Start of Block

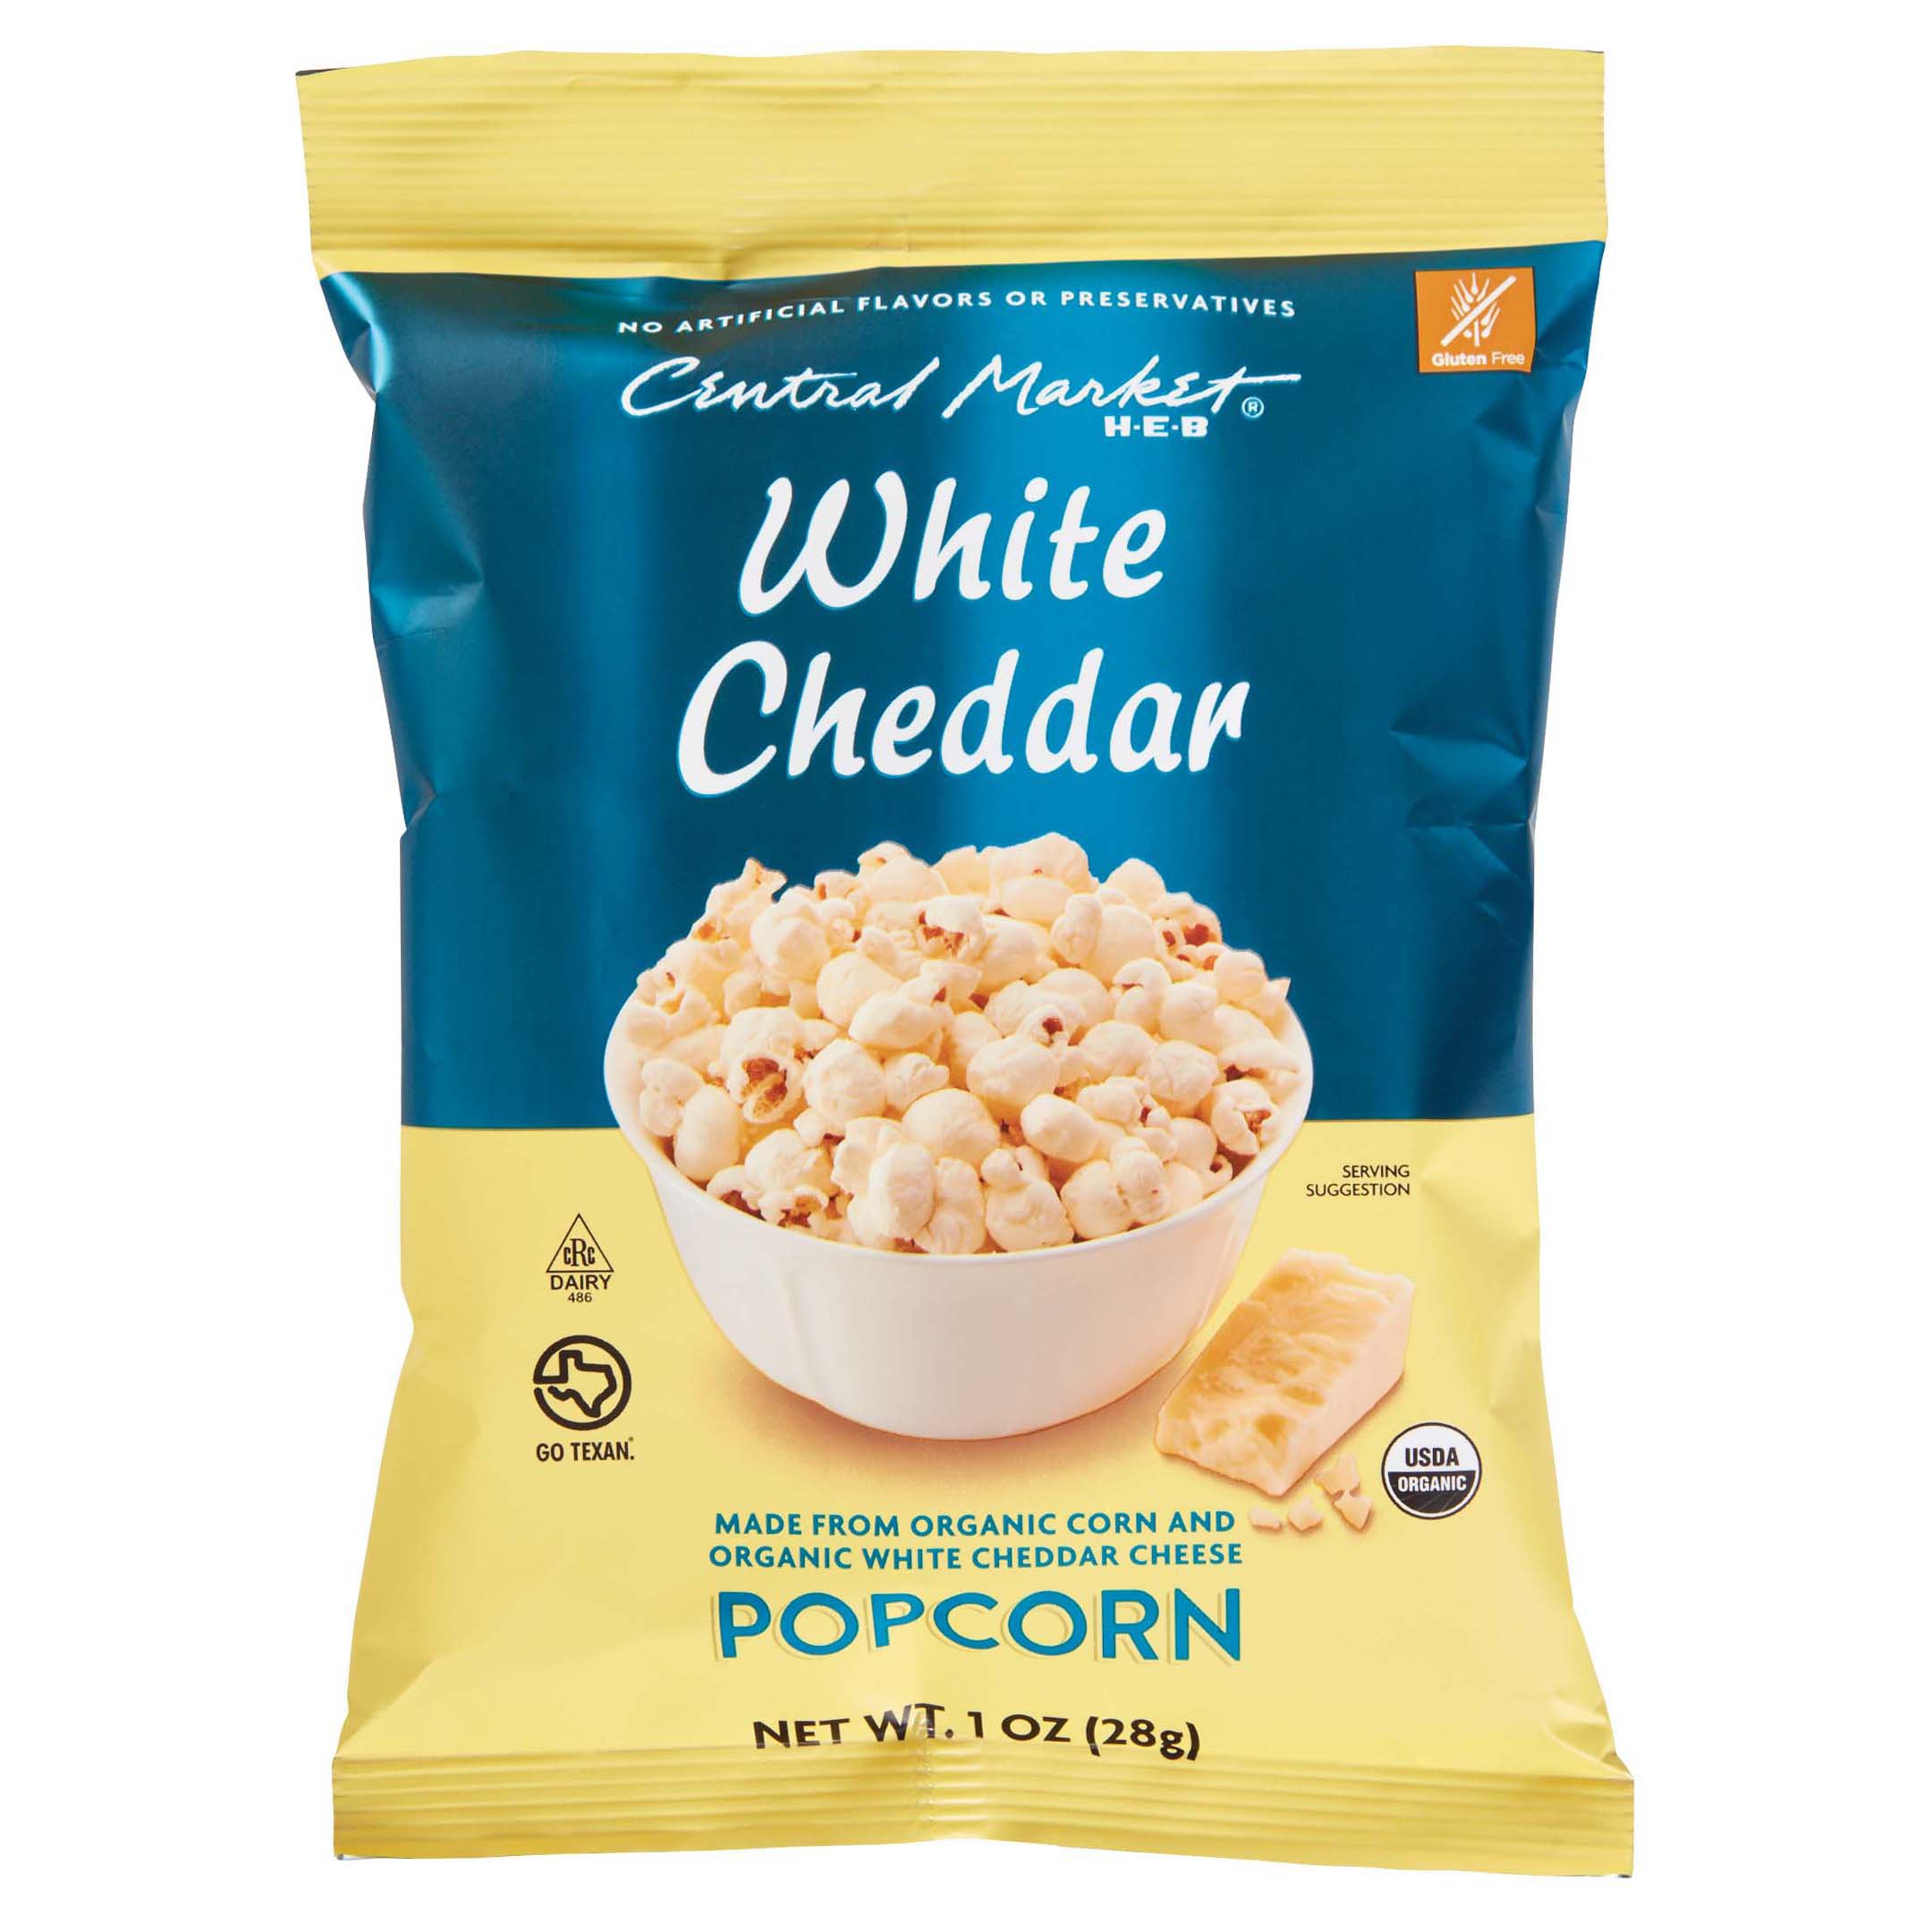 SkinnyPop Sweet & Salty Kettle Popcorn - Shop Popcorn at H-E-B
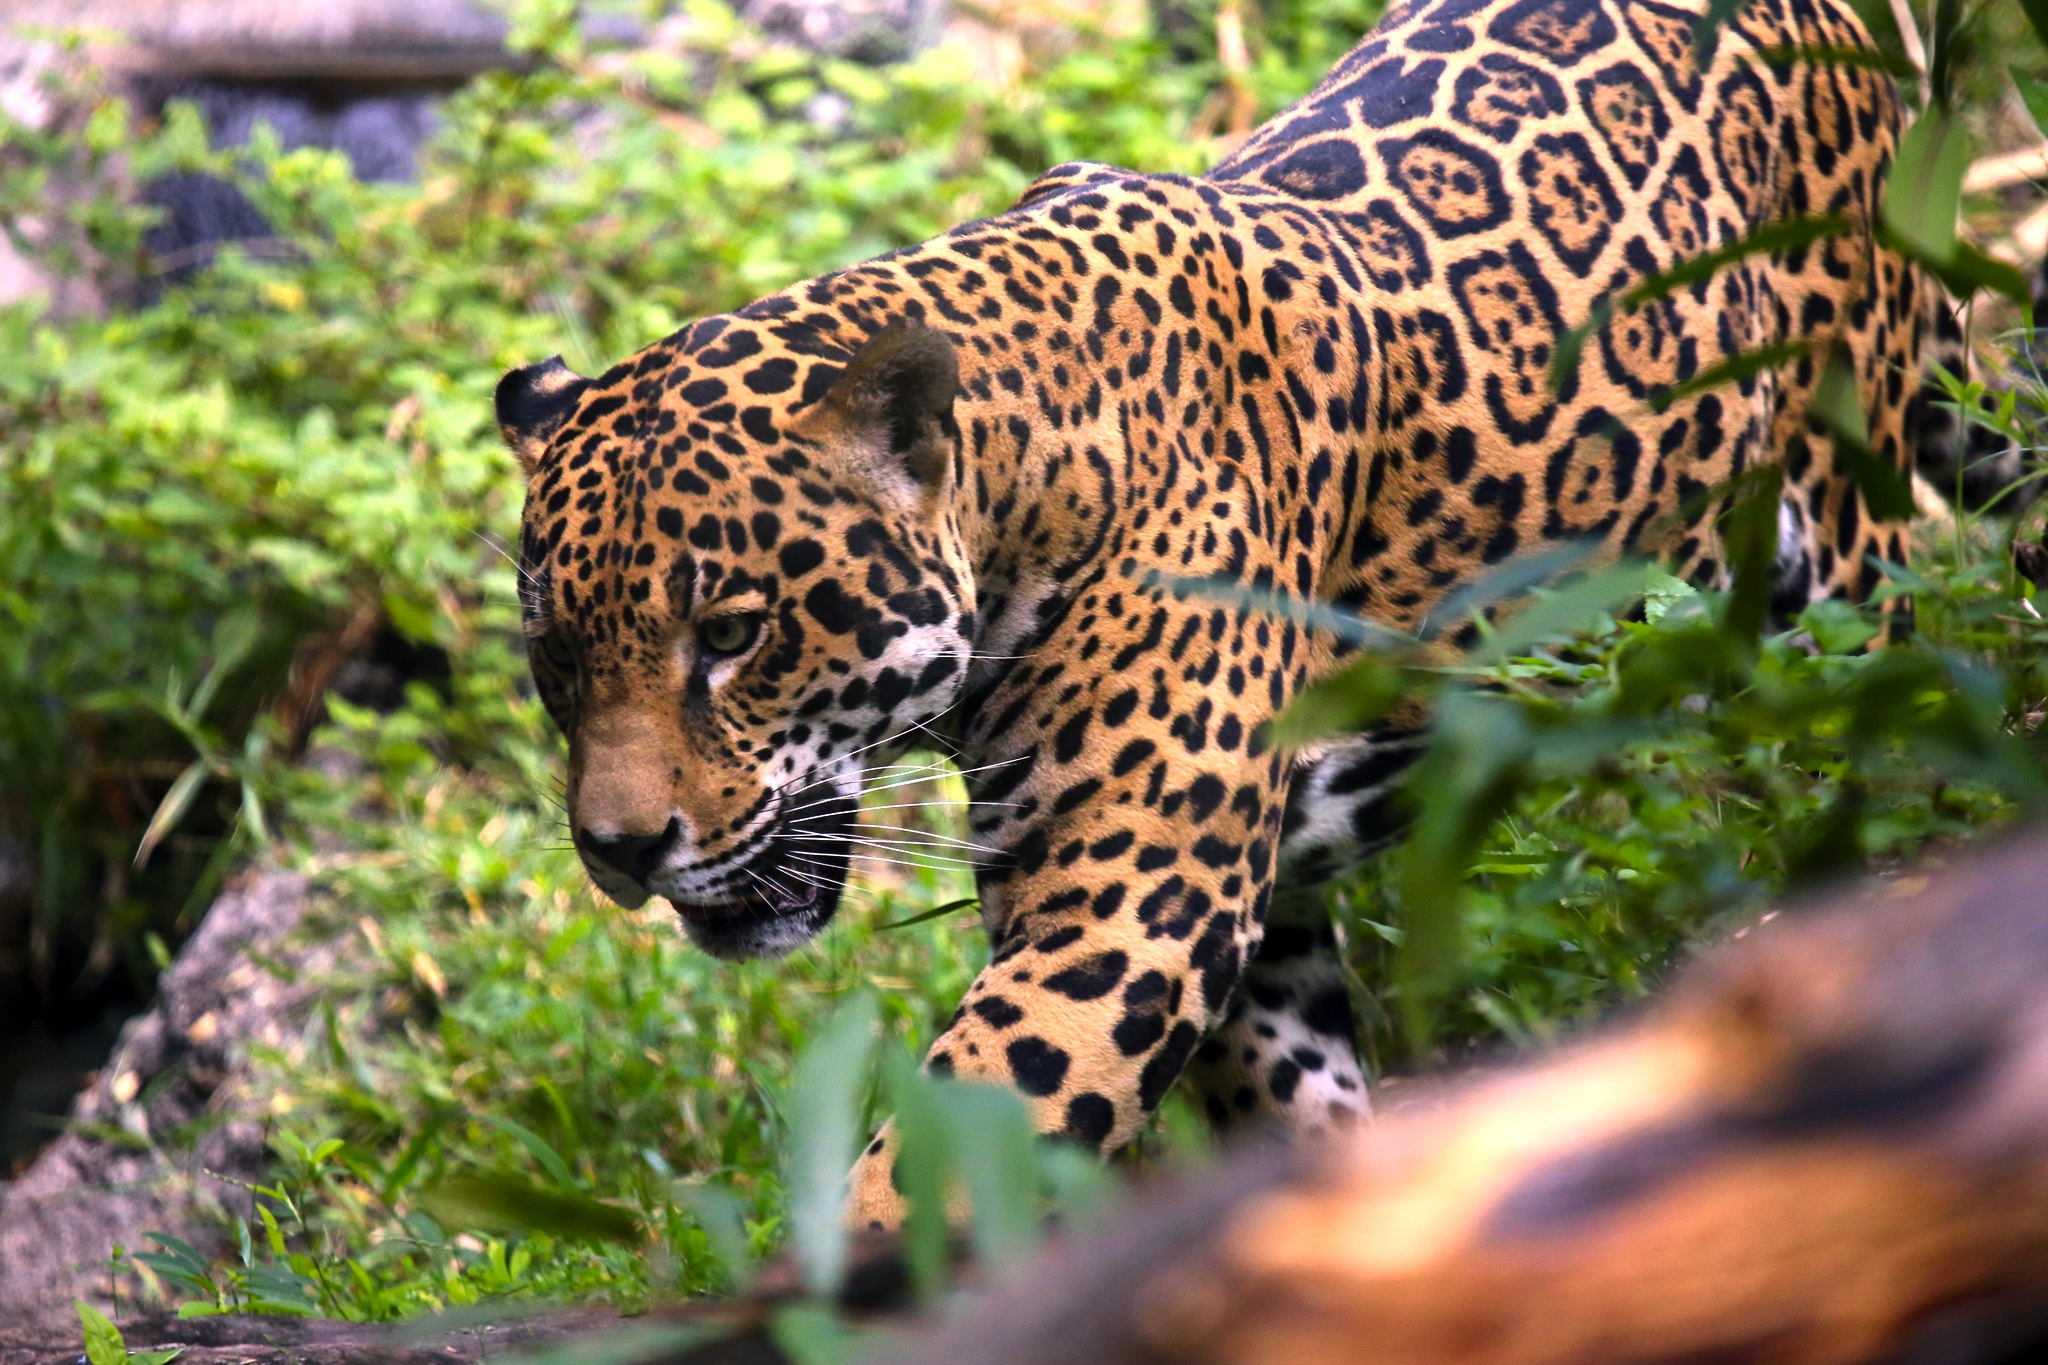 <p>The Mayan Train could impact the jaguar&#8217;s natural habitat (image: <a href="https://www.flickr.com/photos/cuatrok77/10937394883/in/photolist-hEv1rR-tBKa2E-8VbVNA-s187bT-s17W4P-6qTMuQ-s2T9uj-s2T4WS-9xysS7-hKxCp8-e5eCfX-8KUvQv-4wVPAJ-dVXqhP-7FxTVd-h3c9Qr-cixcoU-h6aGAh-a2zvih-fzszAj-qVifTF-qrwcih-WNiwjP-QqKUR-b4rE3x-hF8djg-7kRiCB-qLJu1E-dNH1fp-h6bt3x-ccshR-4EeGfP-sh9ScQ-hKy2zM-fzsrDS-6XHwmK-5yxbBZ-hEubEu-hKxbT9-ppztrK-wq3M8-7CHHXA-8uWcqV-4tzMCL-h6a25z-h6Lh5H-h6JUMh-hF775g-fzdfrg-h6JT11">Cuatrok</a>)</p>
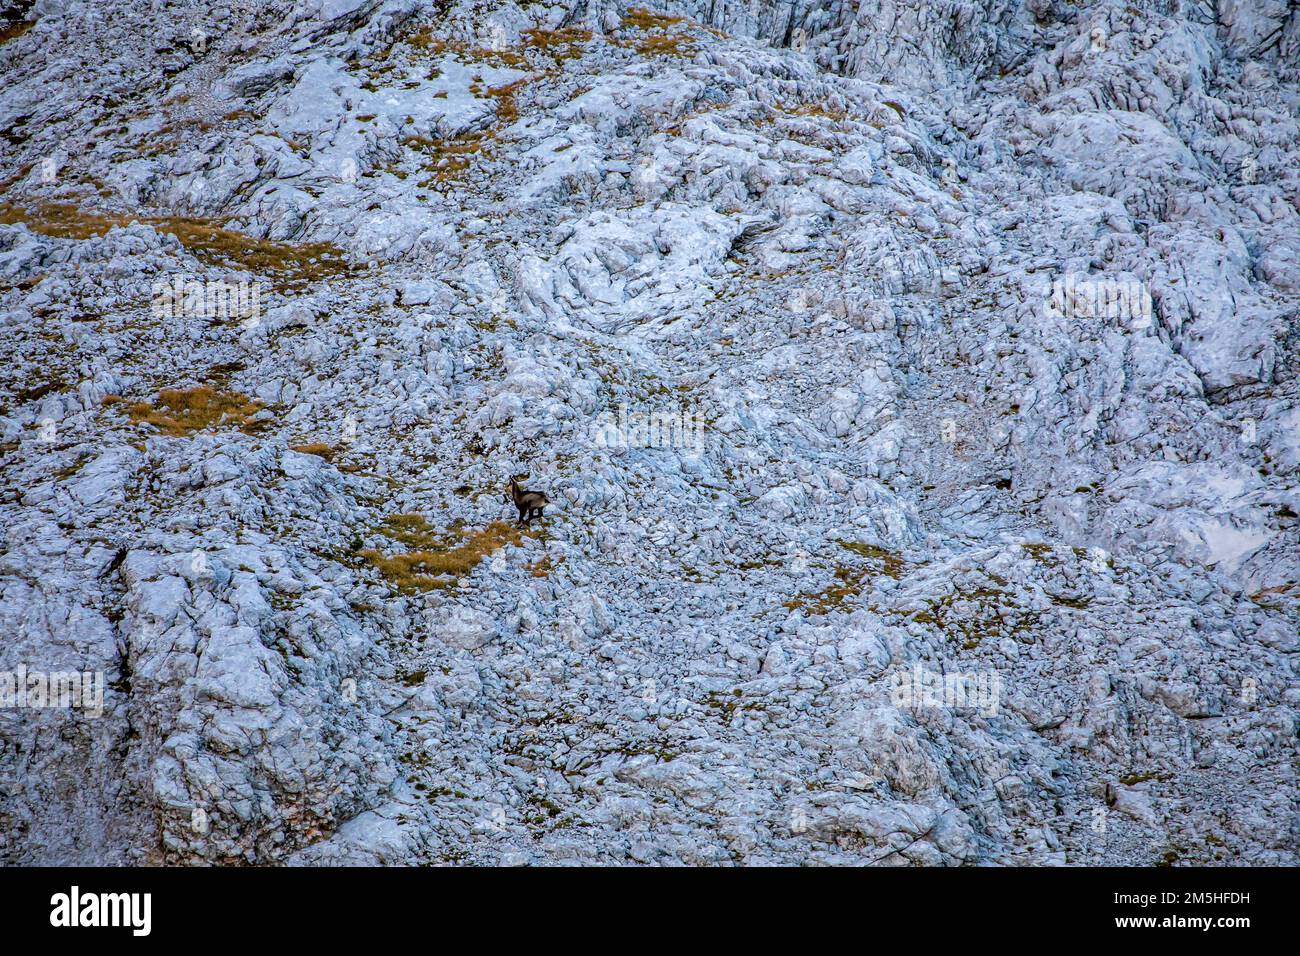 Camosci nelle alpi Giulie, Slovenia Foto Stock

End of Block

Repeat verbatim all the material, but not the pictures.

 SkinnyPop Sweet & Salty Kettle Popcorn - Shop Popcorn at H-E-B
 <p>The Mayan Train could impact the jaguar&#8217;s natural habitat (image: <a href="https://www.flickr.com/photos/cuatrok77/10937394883/in/photolist-hEv1rR-tBKa2E-8VbVNA-s187bT-s17W4P-6qTMuQ-s2T9uj-s2T4WS-9xysS7-hKxCp8-e5eCfX-8KUvQv-4wVPAJ-dVXqhP-7FxTVd-h3c9Qr-cixcoU-h6aGAh-a2zvih-fzszAj-qVifTF-qrwcih-WNiwjP-QqKUR-b4rE3x-hF8djg-7kRiCB-qLJu1E-dNH1fp-h6bt3x-ccshR-4EeGfP-sh9ScQ-hKy2zM-fzsrDS-6XHwmK-5yxbBZ-hEubEu-hKxbT9-ppztrK-wq3M8-7CHHXA-8uWcqV-4tzMCL-h6a25z-h6Lh5H-h6JUMh-hF775g-fzdfrg-h6JT11">Cuatrok</a>)</p>
 Camosci nelle alpi Giulie, Slovenia Foto Stock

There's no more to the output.